The only way that I can see to take on Microsoft and win is to continue to
innovate in the free software space, to continue to develop software that is
better in every respect than anything that Redmond can produce. There are many
tech-savvy people out there, and despite all the posturing, if a Fortune-500
company can shave a few tens or hundreds of millions of dollars off their
expense base by switching from Microsoft Office to OpenOffice, then believe me,
they will.

Today we see companies typically run [or try to run] a single desktop platform,
OS and Apps. It makes support easier. I think we'll see a shift, with
corporations realising that really the only people who *need* MS Office are
going to be those who actually exchange documents with clients. Everyone else
will do just fine with OOo.

Then we'll see Developers want to move away from Windows as a desktop OS and
switch to Linux. It's effortlessly better for them.

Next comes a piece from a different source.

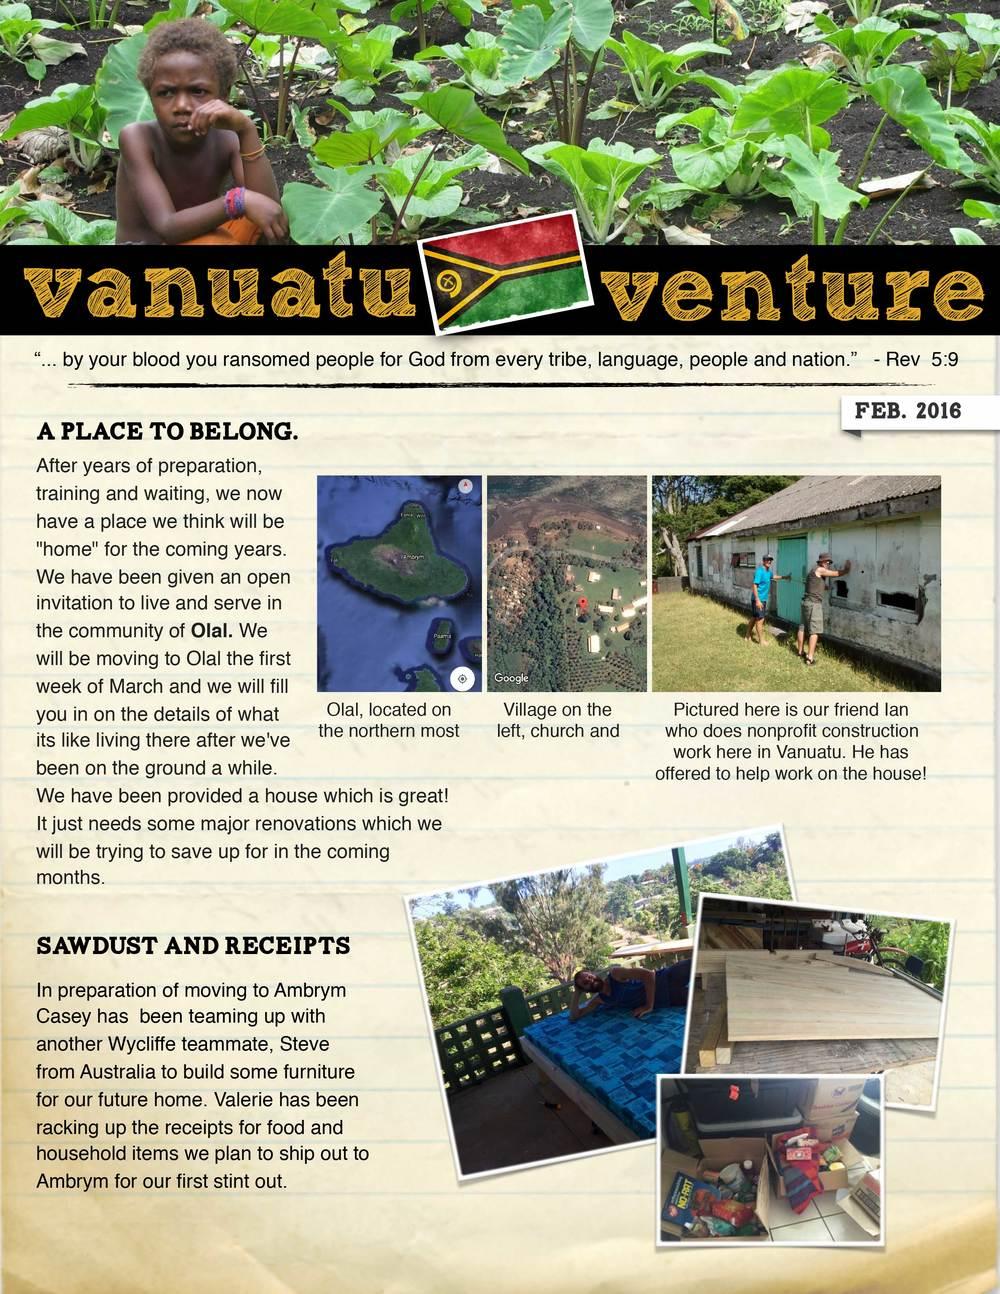 Vanuatu-Venture-Feb-2016-1.jpg

The server farms and blade centres - and mainframes, come to think of it - are
already seeing the benefits.

FOSS just needs steady nerves and the courage of [our/their] convictions to hold
course here.

The great thing about FOSS is that it's all about the code.

We must never lose sight of that.

[ Reply to This | # ]

A wake up call for all y'all
Authored by: Anonymous on Sunday, January 31 2010 @ 09:24 PM EST
Us, you and I? We read this and think "How can these huge companies be
allowed to conspire so blatantly to fix the market in favor of their overpriced
trash"?

A member of the United States Congress though, when he reads this, the only
thing - the ONLY thing - he or she sees is "jobs".

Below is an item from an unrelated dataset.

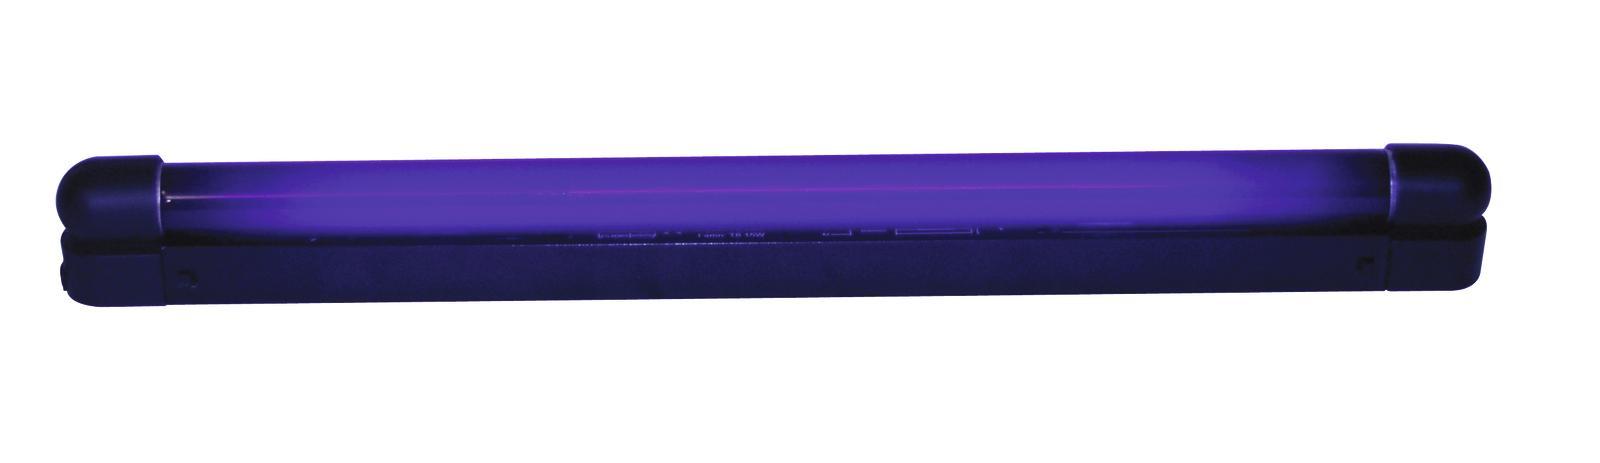 Neon UV slim apparecchio completo di base d'attacco 45cm 15W EUROLITE

When we see cartels, they see lots of high paying positions. We see crooked
business practices, they see income taxes.

That's why it's allowed to continue. That's why it will ALWAYS continue. Are
we clear on that now?

[ Reply to This | # ]

Bait and switch
Authored by: NigelWhitley on Monday, February 01 2010 @ 08:14 AM EST
"HP is using low cost Linux Pavilion sku in India in ads to generate
traffic to HP branded retail stores to upsell to Windows PCs to fight local
manufacturers $400-600 price points."

Certainly this reads, IMHO, as a blatant effort to use Linux to attract
customers then aggressively push them towards Windows once through the door. We
must also assume from this that HP's profits on Windows PCs is higher than that
for the Linux PCs, even though Linux is zero cost.

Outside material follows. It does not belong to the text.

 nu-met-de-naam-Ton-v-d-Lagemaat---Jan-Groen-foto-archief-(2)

Worth bearing in mind should a PC salesman try to convince you that the high
priced Windows PC is better value than the low cost Linux one.
-------------------
Nigel Whitley

[ Reply to This | # ]

So was Bruce Perens canned from HP in Sept in prep for Nov mtg?
Authored by: Superbowl H5N1 on Monday, February 01 2010 @ 11:52 AM EST

So, was Bruce Perens canned from his job at HP to lead HP in Open Source in preparation for this agreement with Microsoft? What kind of backroom deals did go on? He was hired to work with FOSS and then canned because of it.

The timing is kind of special. HP let Perens go in September of 2002. He went quickly on to much more interesting things, HP was the clear loser in the deal, but if we ever want to get to the bottom of the Microsoft racketeering scam these details need to get brought to light.